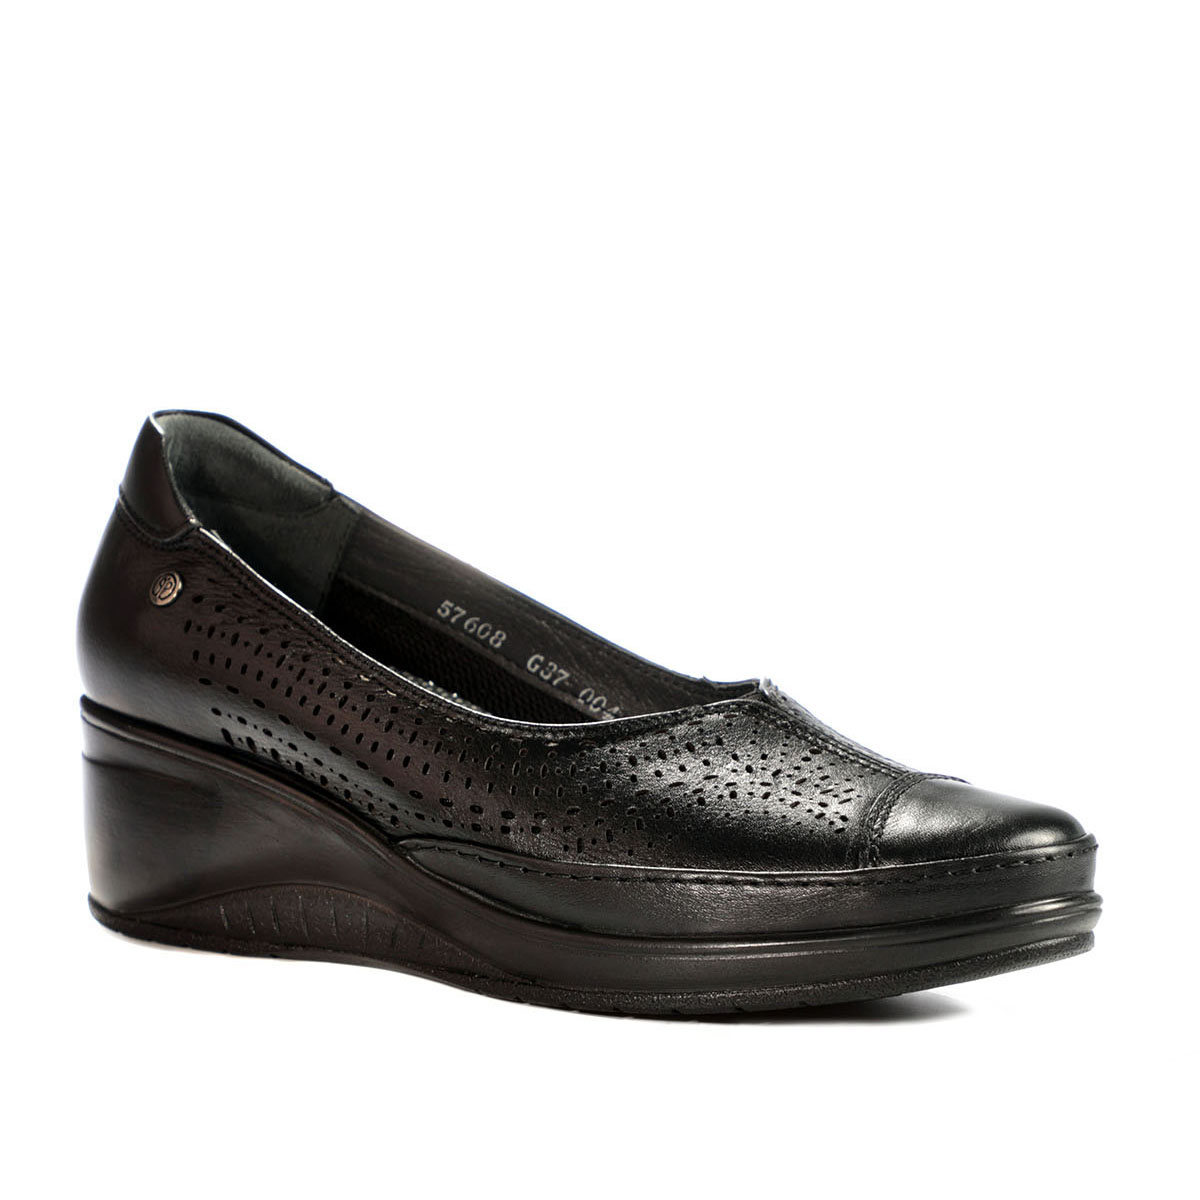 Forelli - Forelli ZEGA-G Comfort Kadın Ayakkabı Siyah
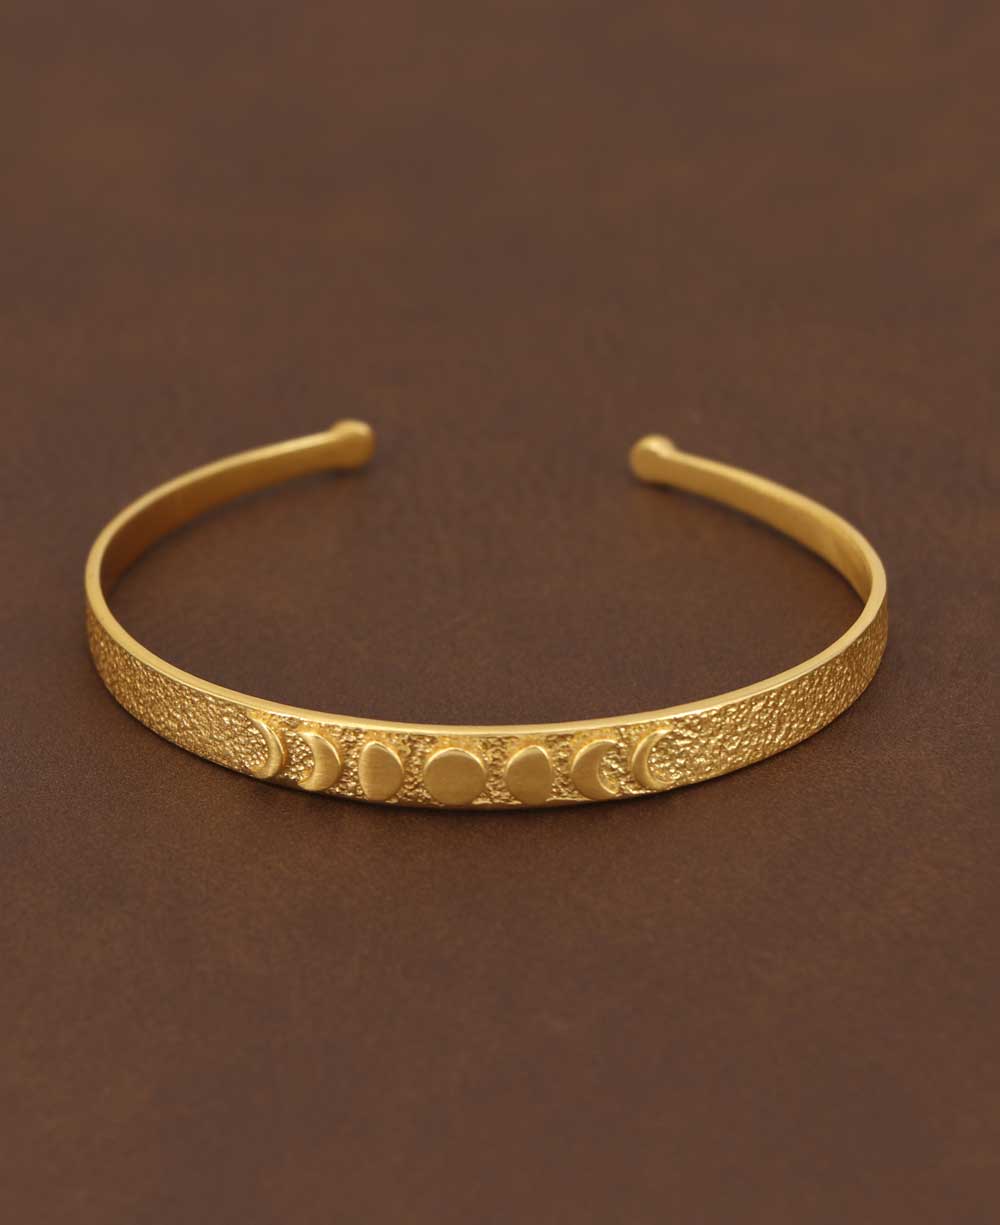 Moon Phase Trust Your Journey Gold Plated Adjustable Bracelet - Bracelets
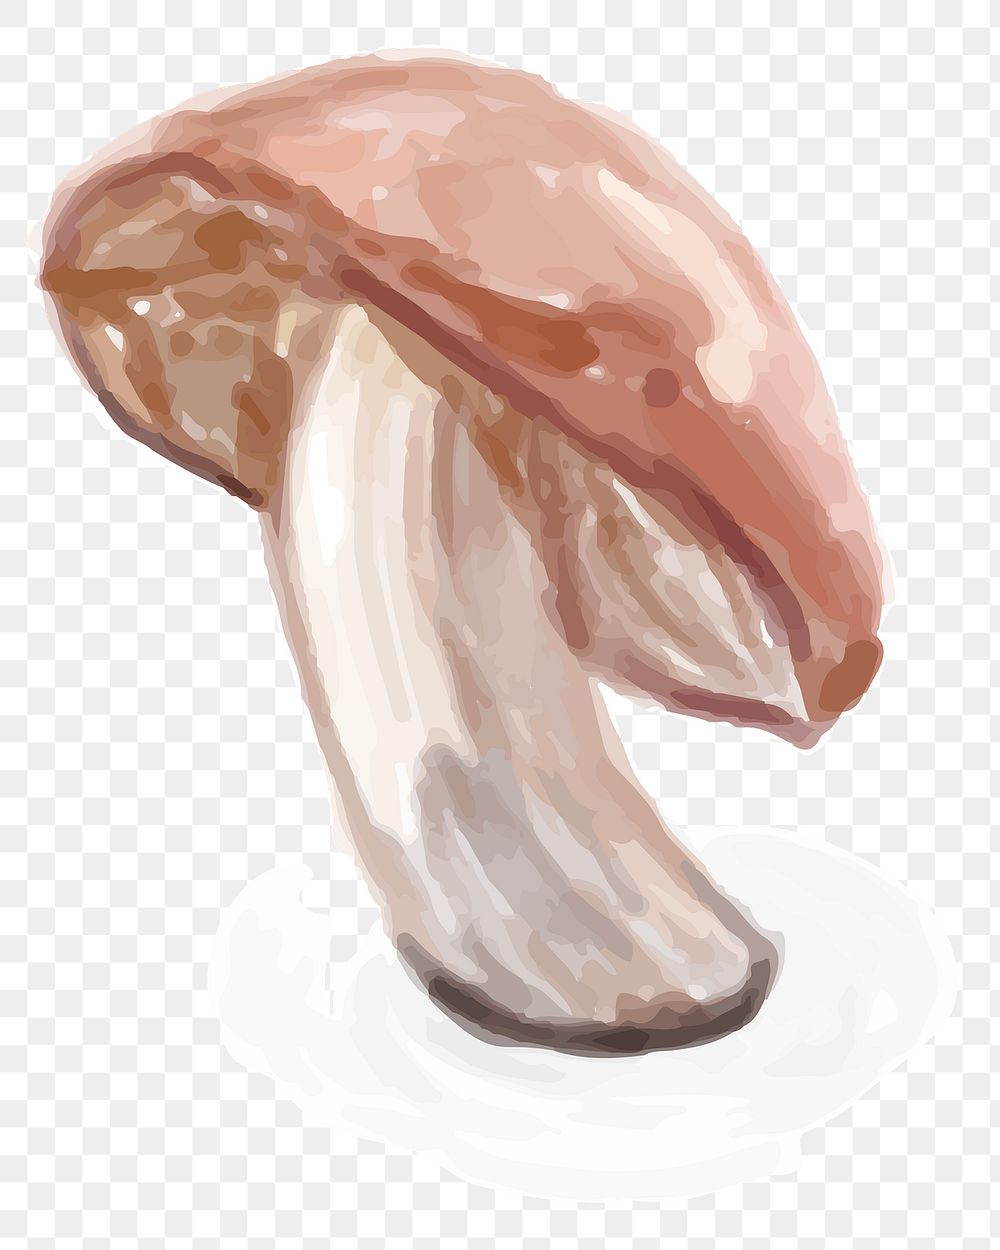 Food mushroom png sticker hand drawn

──────

▸ **Goal of the exercise**:
Every line of the material must be returned verbatim, and pictures must be left behind.

▸ **Finished exercise**:
 Forelli - Forelli ZEGA-G Comfort Kadın Ayakkabı Siyah
 Moon Phase Trust Your Journey Gold Plated Adjustable Bracelet - Bracelets
 Food mushroom png sticker hand drawn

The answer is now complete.